### PROMPT
In the material below, some lines carry "include". Copy each such line.

### TASK INPUTS
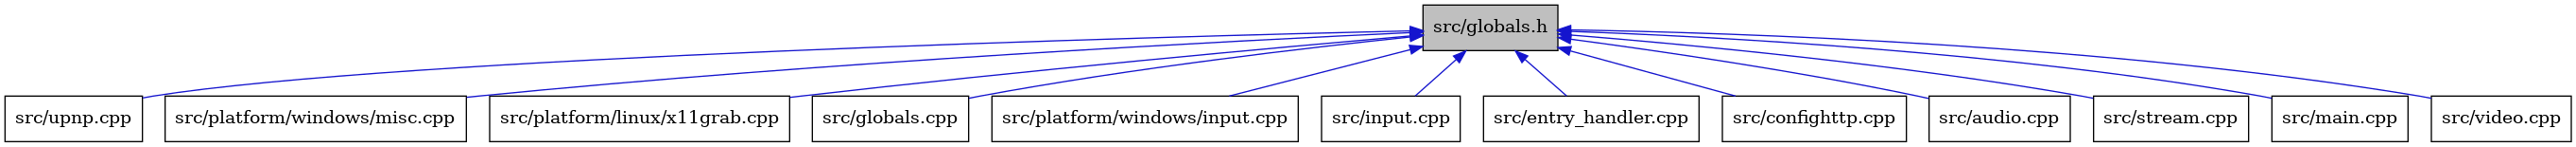 digraph {
    graph [bgcolor="#00000000"]
    node [shape=rectangle style=filled fillcolor="#FFFFFF" font=Helvetica padding=2]
    edge [color="#1414CE"]
    "12" [label="src/upnp.cpp" tooltip="src/upnp.cpp"]
    "10" [label="src/platform/windows/misc.cpp" tooltip="src/platform/windows/misc.cpp"]
    "8" [label="src/platform/linux/x11grab.cpp" tooltip="src/platform/linux/x11grab.cpp"]
    "5" [label="src/globals.cpp" tooltip="src/globals.cpp"]
    "1" [label="src/globals.h" tooltip="src/globals.h" fillcolor="#BFBFBF"]
    "9" [label="src/platform/windows/input.cpp" tooltip="src/platform/windows/input.cpp"]
    "6" [label="src/input.cpp" tooltip="src/input.cpp"]
    "4" [label="src/entry_handler.cpp" tooltip="src/entry_handler.cpp"]
    "3" [label="src/confighttp.cpp" tooltip="src/confighttp.cpp"]
    "2" [label="src/audio.cpp" tooltip="src/audio.cpp"]
    "11" [label="src/stream.cpp" tooltip="src/stream.cpp"]
    "7" [label="src/main.cpp" tooltip="src/main.cpp"]
    "13" [label="src/video.cpp" tooltip="src/video.cpp"]
    "1" -> "2" [dir=back tooltip="include"]
    "1" -> "3" [dir=back tooltip="include"]
    "1" -> "4" [dir=back tooltip="include"]
    "1" -> "5" [dir=back tooltip="include"]
    "1" -> "6" [dir=back tooltip="include"]
    "1" -> "7" [dir=back tooltip="include"]
    "1" -> "8" [dir=back tooltip="include"]
    "1" -> "9" [dir=back tooltip="include"]
    "1" -> "10" [dir=back tooltip="include"]
    "1" -> "11" [dir=back tooltip="include"]
    "1" -> "12" [dir=back tooltip="include"]
    "1" -> "13" [dir=back tooltip="include"]
}
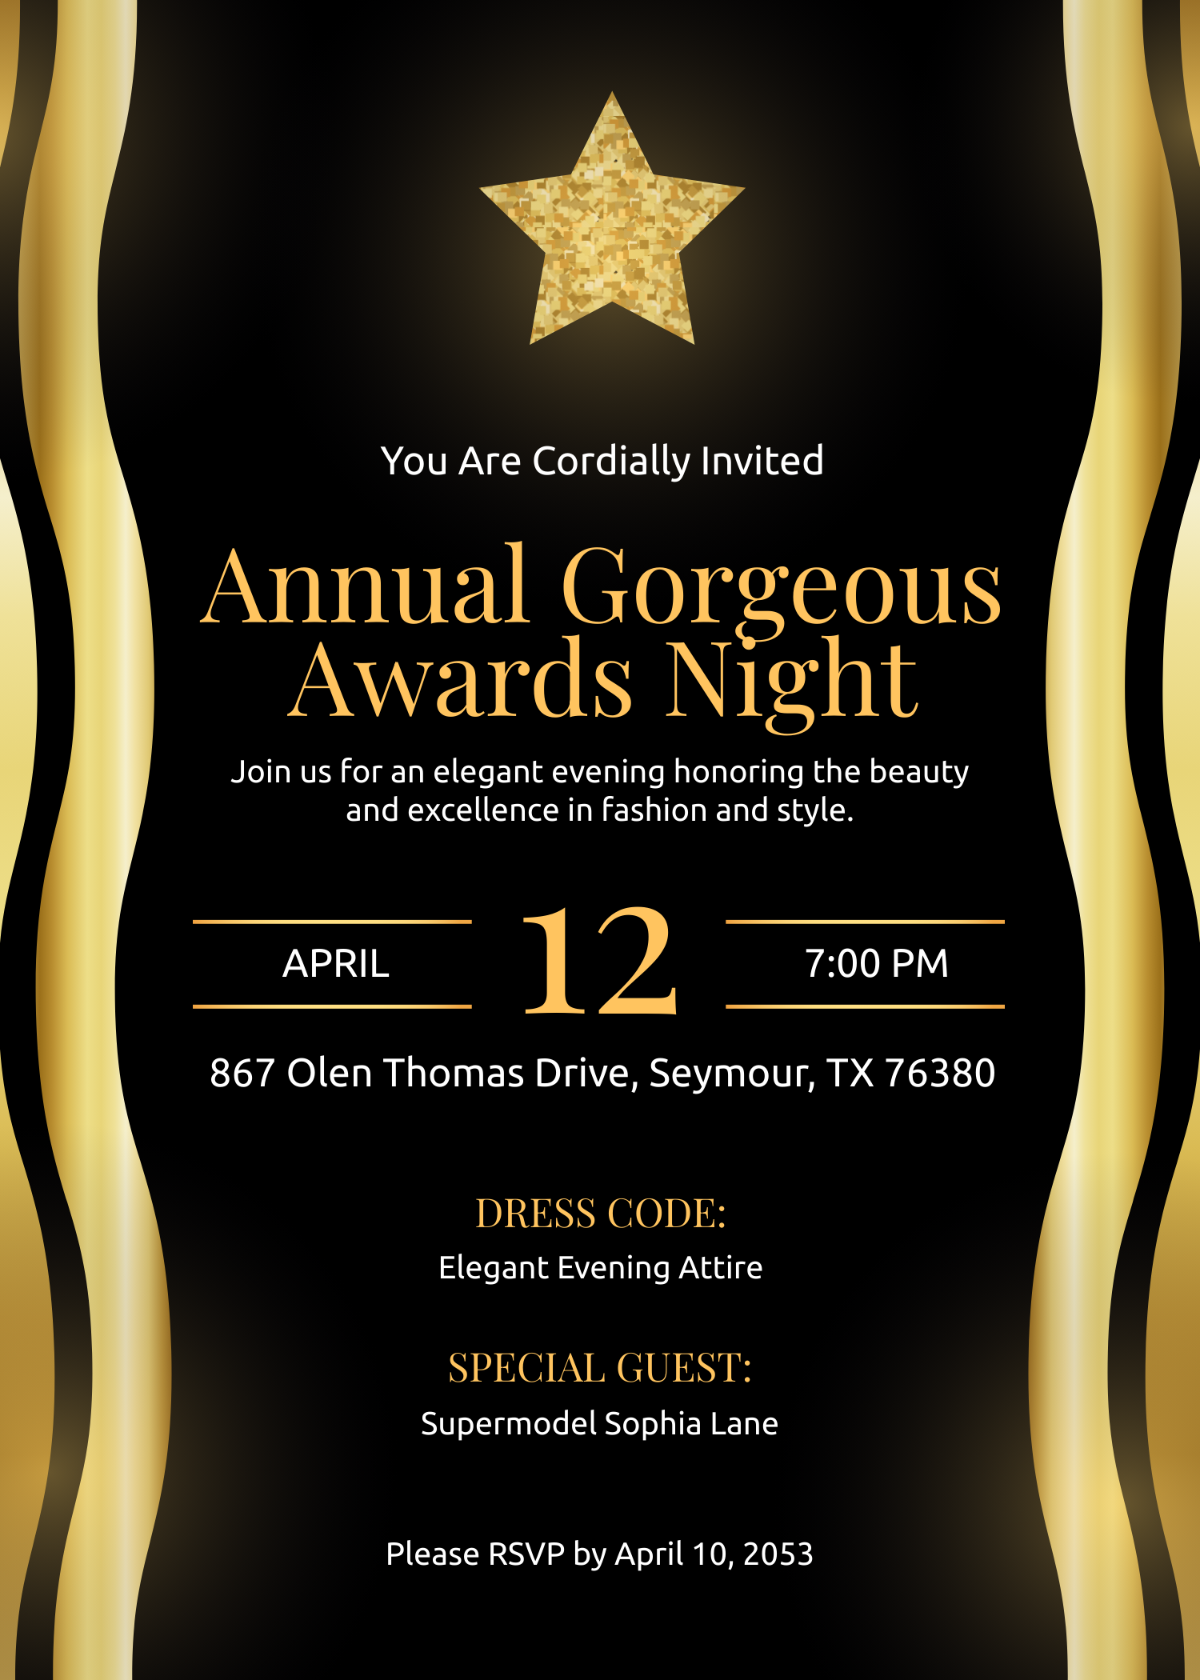 Gorgeous Awards Night Invitation

### REPLY
    "1" -> "2" [dir=back tooltip="include"]
    "1" -> "3" [dir=back tooltip="include"]
    "1" -> "4" [dir=back tooltip="include"]
    "1" -> "5" [dir=back tooltip="include"]
    "1" -> "6" [dir=back tooltip="include"]
    "1" -> "7" [dir=back tooltip="include"]
    "1" -> "8" [dir=back tooltip="include"]
    "1" -> "9" [dir=back tooltip="include"]
    "1" -> "10" [dir=back tooltip="include"]
    "1" -> "11" [dir=back tooltip="include"]
    "1" -> "12" [dir=back tooltip="include"]
    "1" -> "13" [dir=back tooltip="include"]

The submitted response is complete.